Classic Arts News   Utah Symphony and Opera Approves Financial-Recovery Plan
 
The board of directors of the Utah Symphony and Opera approved a three-year financial-recovery plan yesterday, the Deseret Morning News reports.

The plan, set out yesterday by CEO Anne Ewers, involves cutting staff pay (including a decrease of $50,000 for Ewers over the next two years), lowering expenses, and requiring a $10,000 donation from each of the 40 board members.

The plan is the result of an independent report by Thomas Morris, former executive director of the Cleveland Orchestra and the Boston Symphony Orchestra. Morris was hired by the organization to look into its finances and make recommendations for financial recovery.

Musicians, frustrated about being kept in the dark about the organization's finances, were worried that parts of Morris's report would be withheld from the board, or that the report would not be presented at all. In the end the findings were released yesterday when the board voted to waive confidentiality, as the musicians had already done.

Morris reported a "structural" deficit, worse than had been previously reported, of $1.7 million in 2003 and of $3.3 million in 2004, along with a projected structural deficit of $3.2 million in 2005. He called the finances "perilous," despite the 2002 merger of the two companies, which was intended to create business efficiencies.

Morris also found that ticket sales to orchestra concerts had decreased by 20 percent since 2001-02, and cited problems related to the merger as the reason. One of the merger's results, he said, was an overall dilution of each company's brand, which created a "lack of confidence" that caused both individual and foundation donations to drop off.

In addition, he found, the organization made the mistake of expanding during its financial crisis, increasing its budget by 14 percent from 2003 to 2004, and giving musicians a 50-percent raise, as specified in 1999 contract.

The Deer Valley Music Festival, which had its first season last year, was found to be a huge drain on the organization, consuming, according to the Salt Lake Tribune up to 25 percent of staff resources, but being funded only by one-time gifts.

According to Morris, however, undoing the merger would not be wise; in his report, he outlined survival strategies both financial and structural.

US&O chair Frank Joklik told the board told it was necessary to approve the financial plan in order to keep donors confident.

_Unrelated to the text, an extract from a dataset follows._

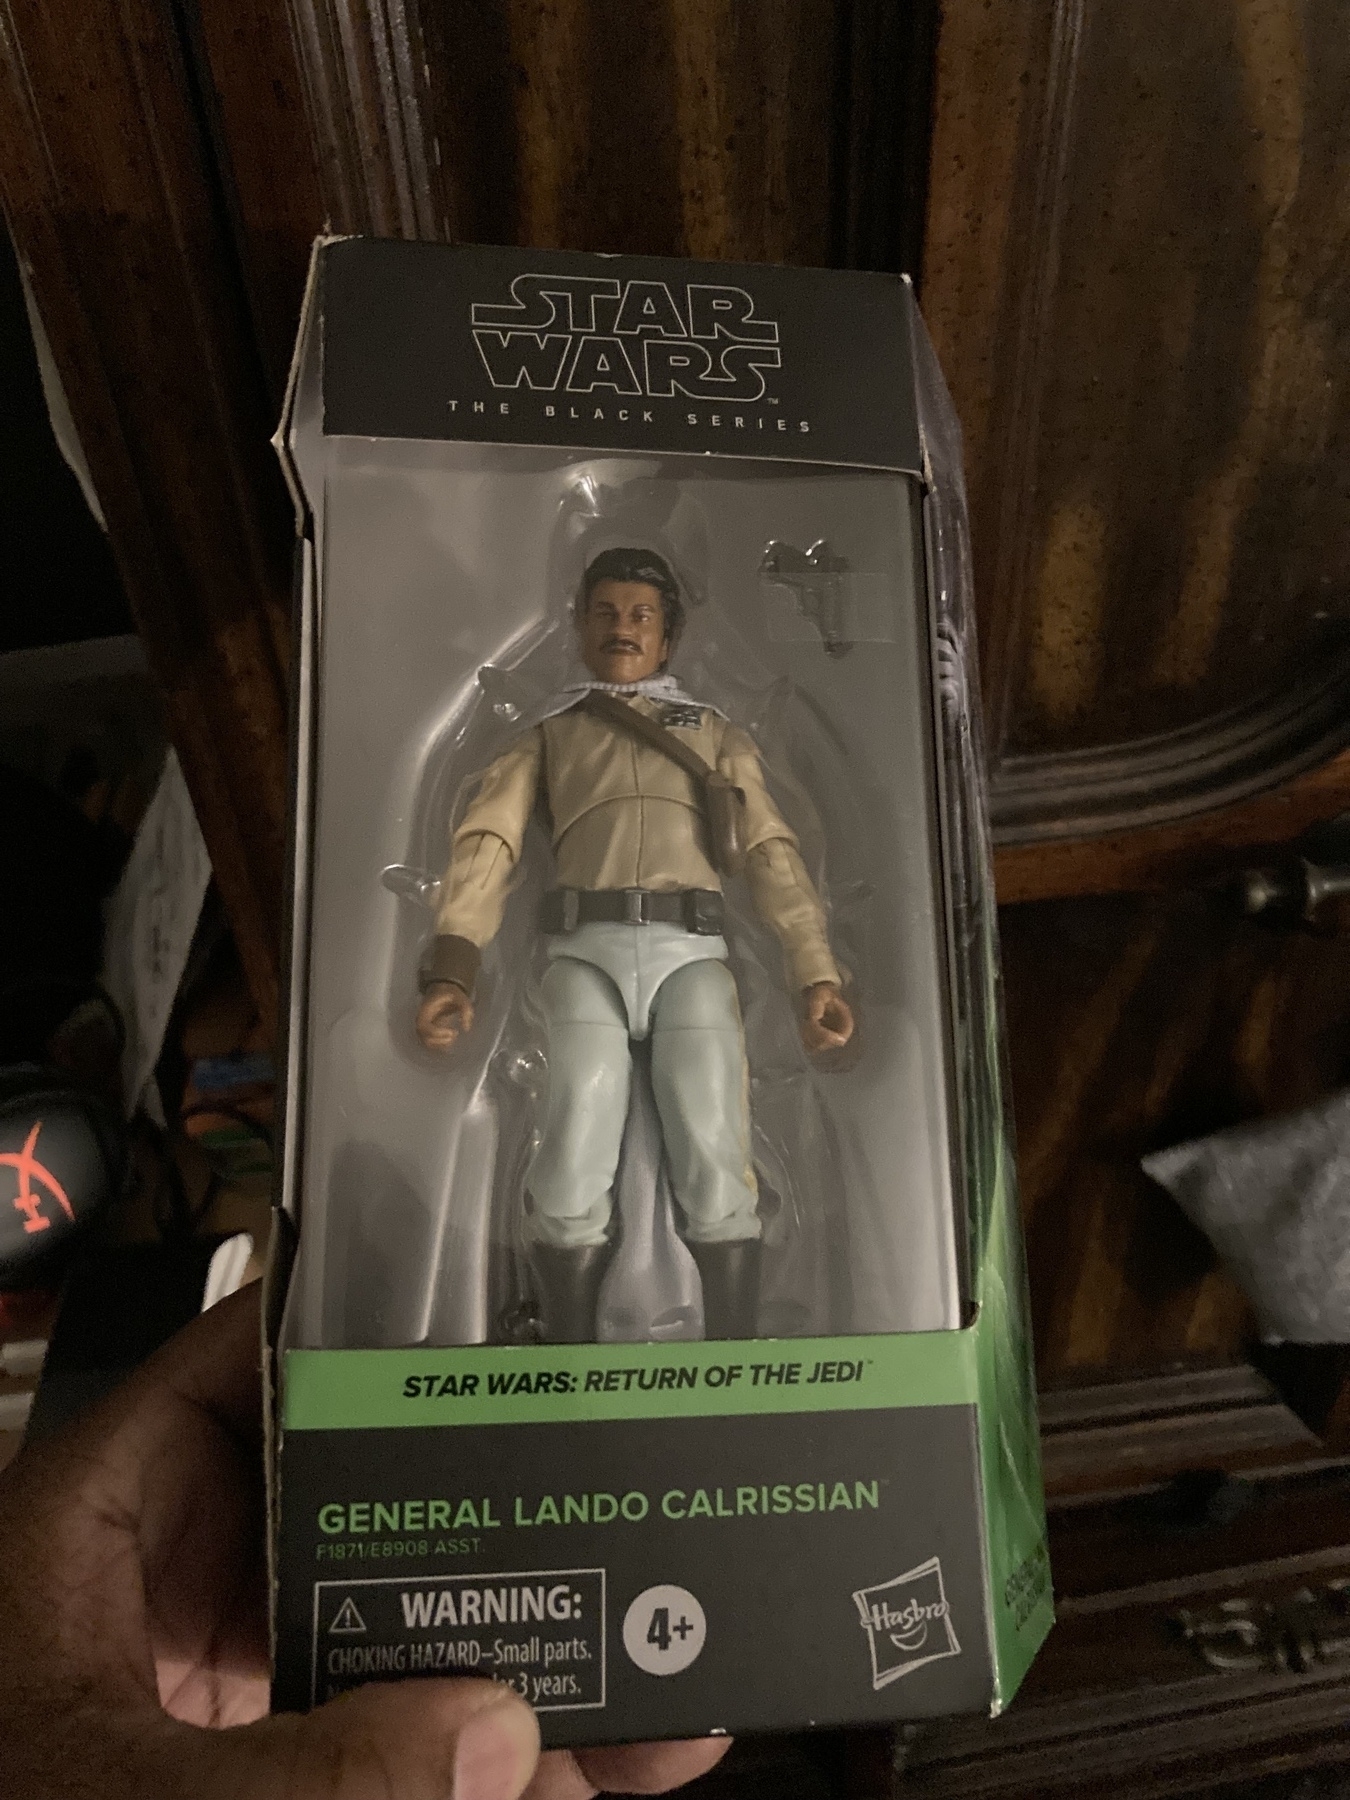 Lando Calrissian toy still in the box.

Musicians, however, say the board only approved financial changes, not the structural ones—which include having a task force outside the organization monitor the implementation of the recovery plan, forcing the Deer Valley Music Festival to sustain itself financially, and reducing Ewers's responsibilities. The musicians' representatives who sit on the board of directors abstained from voting on the proposal.